El muchacho la cogió con timidez mientras cruzaban una intersección con otra callejuela. Empuñó la espada como si estuviera siguiéndola hasta su destino.
—Ah —dijo, pero entonces sintió que la empuñadura se tornaba resbaladiza. Instantes después, la hoja se dobló, se separó de la empuñadura empujada por su propio peso y se despachurró contra los mugrientos adoquines del callejón. Se produjo un destello tremolante de azul, y a continuación no quedó nada salvo un montoncito de polvo del mismo color. La empuñadura que Kip sostenía aún en la mano corrió la misma suerte poco después, reduciéndose a una mancha de arenilla azul en el suelo.
—¿Qué es ese polvo? —preguntó Kip.
—Una lección para más adelante —dijo Gavin—. Bastante me está costando enseñarte los rudimentos más básicos. Lo que tienes que imaginarte es que te hubiera trazado un arado en vez de una espada. Estupendo, funcionará mientras el trazador esté en tu granja, pero a los diez minutos de su partida lo único que te quedará es polvo, literalmente.
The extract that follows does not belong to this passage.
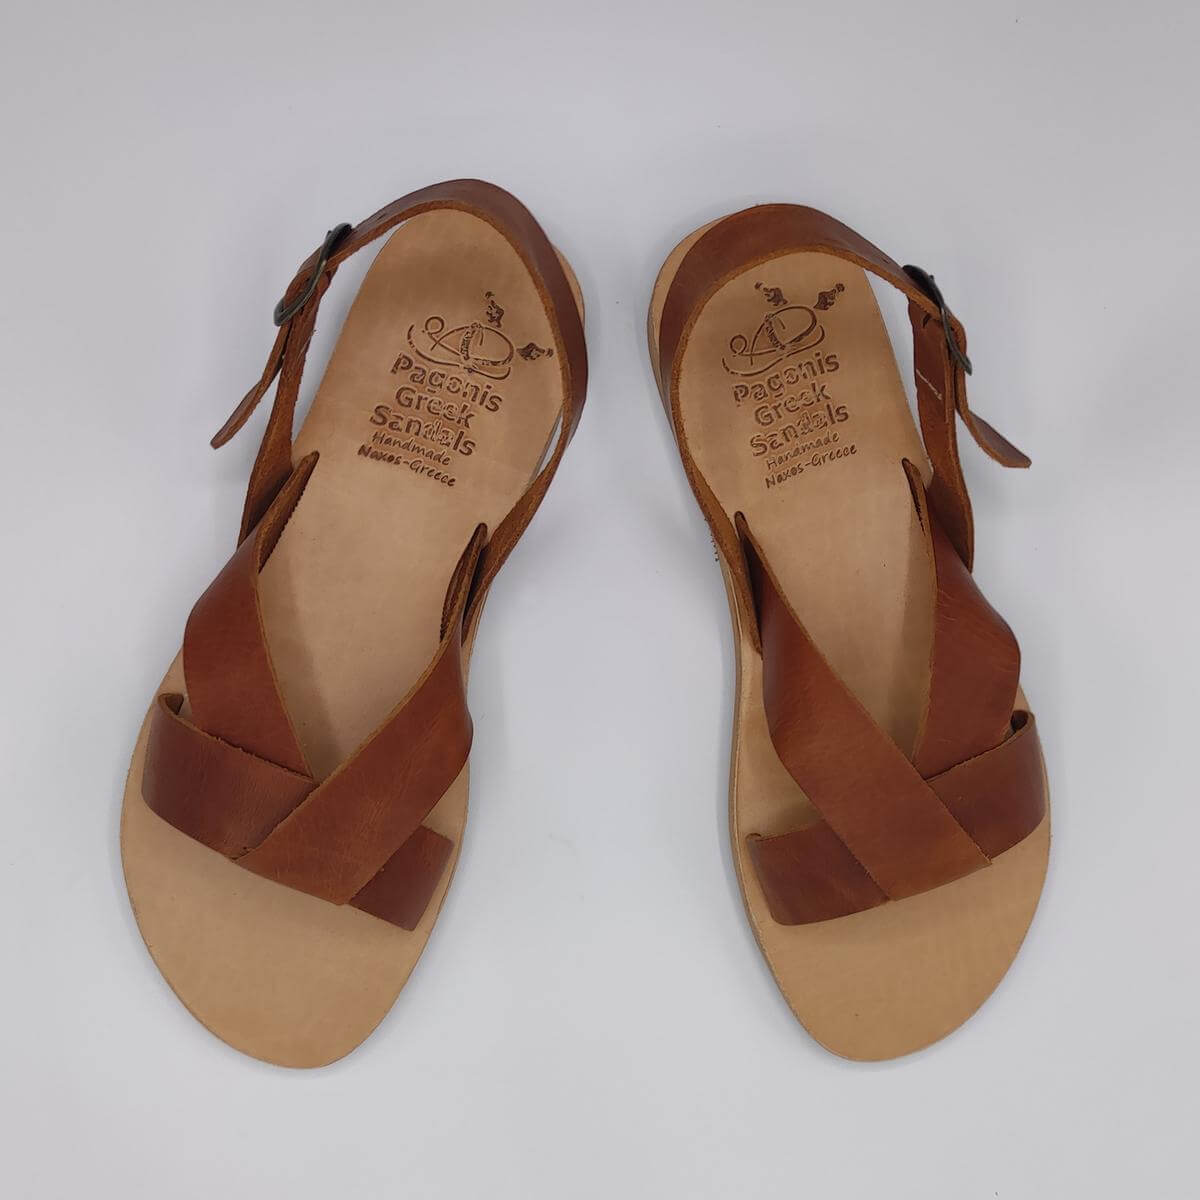 New Age Leather Sandal for Women Brown Color

Poco práctico. Por eso todas las satrapías reclutan supercromados como posesas.
—¿Para que les hagan arados?
—No toda la magia es diversión y desmembramiento, Kip. De hecho, la mayoría de los trazadores pasan toda su vida creando objetos prácticos, como arados. Por cada artista hay diez hombres encargados de reparar tejados con luxina verde. En cualquier caso, los hombres… y las mujeres que no tengan la suerte de ser supercromadas… pueden suplir sus carencias con voluntad.
—Esforzándose más, quieres decir.
—Básicamente.
—Eso tampoco suena tan mal. Esforzarse, vaya cosa. Por el modo en que lo explicó Liv, era como si los trazadores varones fuesen esclavos comparados con las mujeres.
—Más bien perros, diría yo —repuso Gavin.
—¿Eh?
—Bueno, son personas de segunda categoría porque recurrir constantemente a la voluntad te consume. Es agotador. Y la voluntad no es solo esfuerzo, sino fe y esfuerzo unidos. Entonces, si necesitas fe para hacer magia, ¿qué ocurre con aquel que pierde la fe en sí mismo?
—¿Que no puede hacer magia? —sugirió Kip.
—Exacto. Eso explica la mitad de lo que representa la jerarquía para los trazadores. Los sátrapas y las satrapesas tratan a los trazadores como si fueran un regalo de Orholam para el mundo, no solo porque lo sean, sino porque a menos que el trazador crea que es especial y puede recurrir a Orholam para hacer magia, será incapaz de hacerla. ¿Un trazador incapaz de trazar? Inservible.
—Nunca lo había visto de ese modo. —Entonces, ¿la jerarquía no era tan rígida por capricho? Kip dedujo que los tutores de Liv le habrían explicado las cosas de forma ligeramente distinta.
—Por supuesto, se trata de un círculo que gira sobre sí mismo. Eres sátrapa, has pagado una fortuna por un trazador bicromo, en fin, has invertido tanto en él que no puedes permitir que te falle, así que debes reforzar sus aires de superioridad y mimarlo, darle esclavos, etcétera. Eso hace que los trazadores más poderosos sean intratables.
Alguien carraspeó detrás de ellos. Puño de Hierro.
—Comandante —dijo Gavin—, ¿tiene algo que añadir a la conversación?
—Se me había metido una mota de polvo en la garganta. Lo siento —dijo Puño de Hierro, que no parecía sentirlo en absoluto.
—Lo malo de la voluntad es que creemos que cuanta más gaste una persona a lo largo de su vida, antes morirá. O quizá se trate tan solo de que las personas poseedoras de una gran fuerza de voluntad tienden a trazar mucho más. En cualquier caso, sus carreras son espectaculares. Y breves. Tal vez ese sea el motivo de que los trazadores varones suelan vivir menos que sus contrapartidas femeninas, al consumir voluntad constantemente a fin de imprimir una mayor utilidad a su trazo. El efecto secundario es que, entre los trazadores más poderosos, se cuentan muchas personas con una fuerza de voluntad titánica. O, por decirlo mal y pronto, un montón de gilipollas arrogantes. Sobre todo varones. Y chiflados. Los dementes suelen creer en lo que hacen. Eso los vuelve poderosos.